Ganondox wrote:
Actually this is taught in some forms of Gnosticism, though then satan is called the demiurge.
I was about to say just that.
Valentinean Gnostic cosmology in a nutshell:
Whole bunch of Aeons, some 30. Sophia was the last and youngest, got tired of feeling like the sandwich girl so she decided to make a REALLY big and over-the-top creation to show everyone that she could grasp the concept of God. She realized she bit off more than she could chew, had a half-stutter, and from that her creation became Kenoma or 'see of shards' into which she was pulled by her change in focus. From her mistake were also spawned creatures called Archons, the chief of these being Yaldaboth. These were lesser god-beings born outside Pleroma who then, when looking across the abyss to Pleroma, thought they were seeing their own reflection, decided that they were 'it', and went on doing things the way they wanted to. Sophia tricked Yaldaboth into putting divine sparks into things and viola - we're (if you're a Gnostic at least you'd believe this) here trying to escape the iron-barred cage of 'evil' matter to go back to the only thing that's good or true - the Pleroma.
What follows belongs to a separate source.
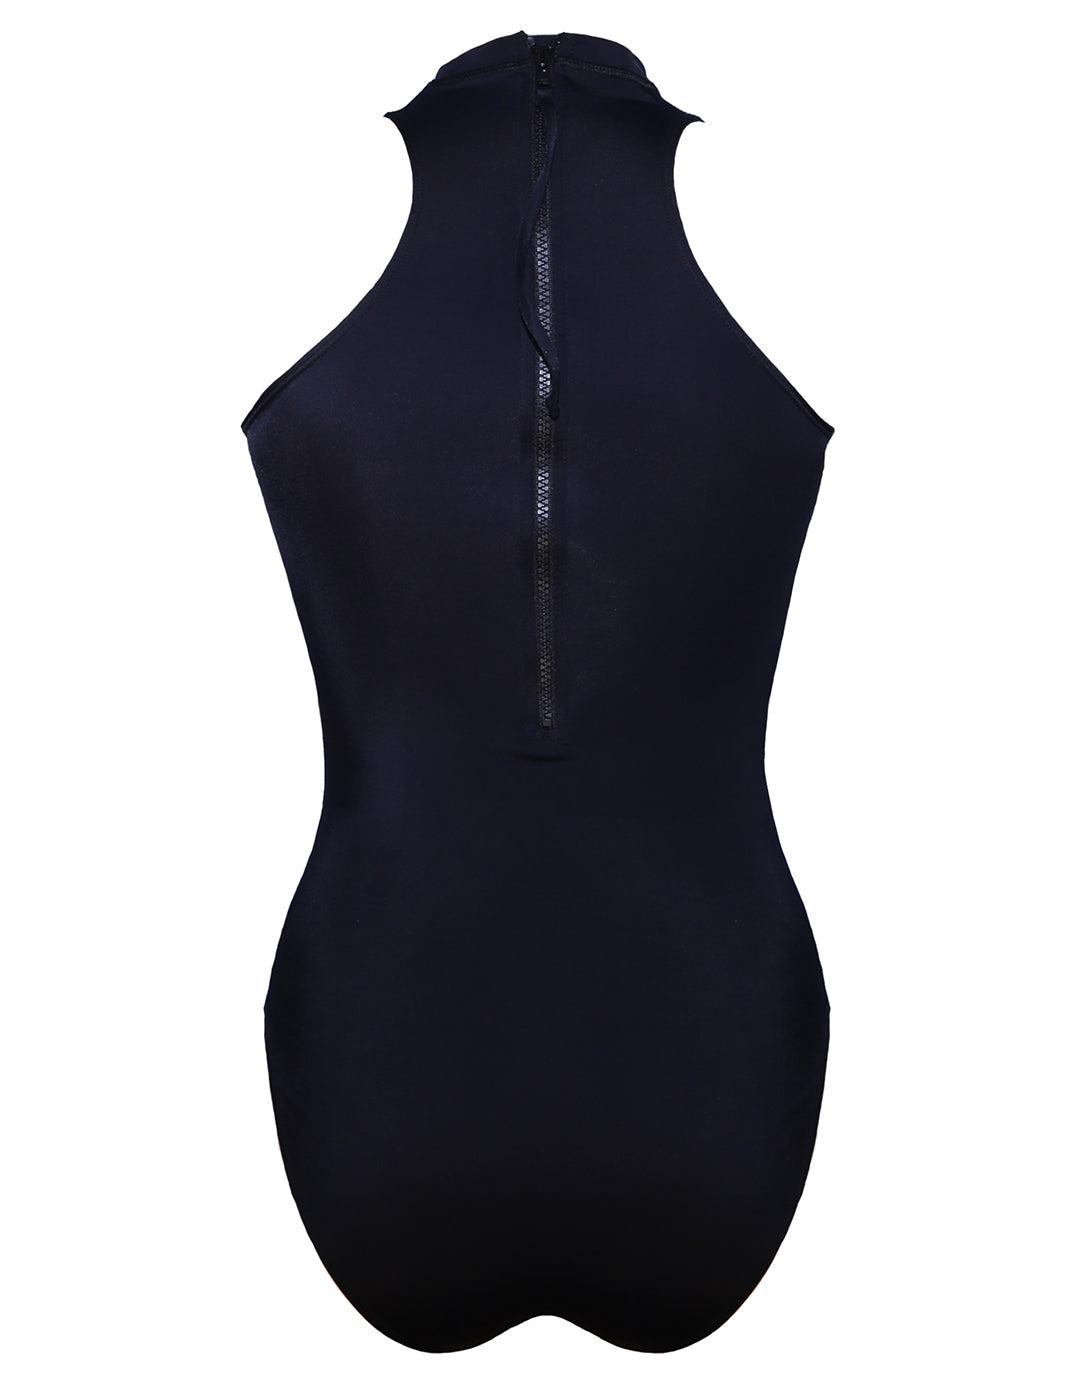 Sleek Longer Length Swimsuit - Black

I don't mean to knock Christian Gnostics but.... I'm sorry, matter is what you make of it. Instead of having the Marcion panic when trying to hold Jesus up against YHVH and true up the difference its probably best to just take the documents through Hebrew history (Jewish and Christian) and consider them in their context. Perhaps YHVH was a heavily coded mystery and the seeming Dr. Dre side he had in the desert was a metaphor for something much deeper? Almost all of that stuff as it was seemed to be coming from coded language revolving around astrology and the four elements anyway (add Elijah's experience in the mountain cave to the later). Some people have even made the claim that Jesus might have been referring to the Canaanite god El as his father, Paul's bit about Melchizedek and the location of Melchizedek would cause his being a priest in the order of Melchizedek to make a lot more sense in that light (I really think that what happened in the desert with Moses had something to do with the particular Egyptian ruler's catching Ra's wrath as well as Moses having an awakening to the superconscious).
My point in saying that - there are so many ways to look at the history of the Abrahamic religions that doesn't require making matter evil. It's just not necessary and beyond that it's horrifically flawed and escapist thinking when people consider matter fundamentally evil.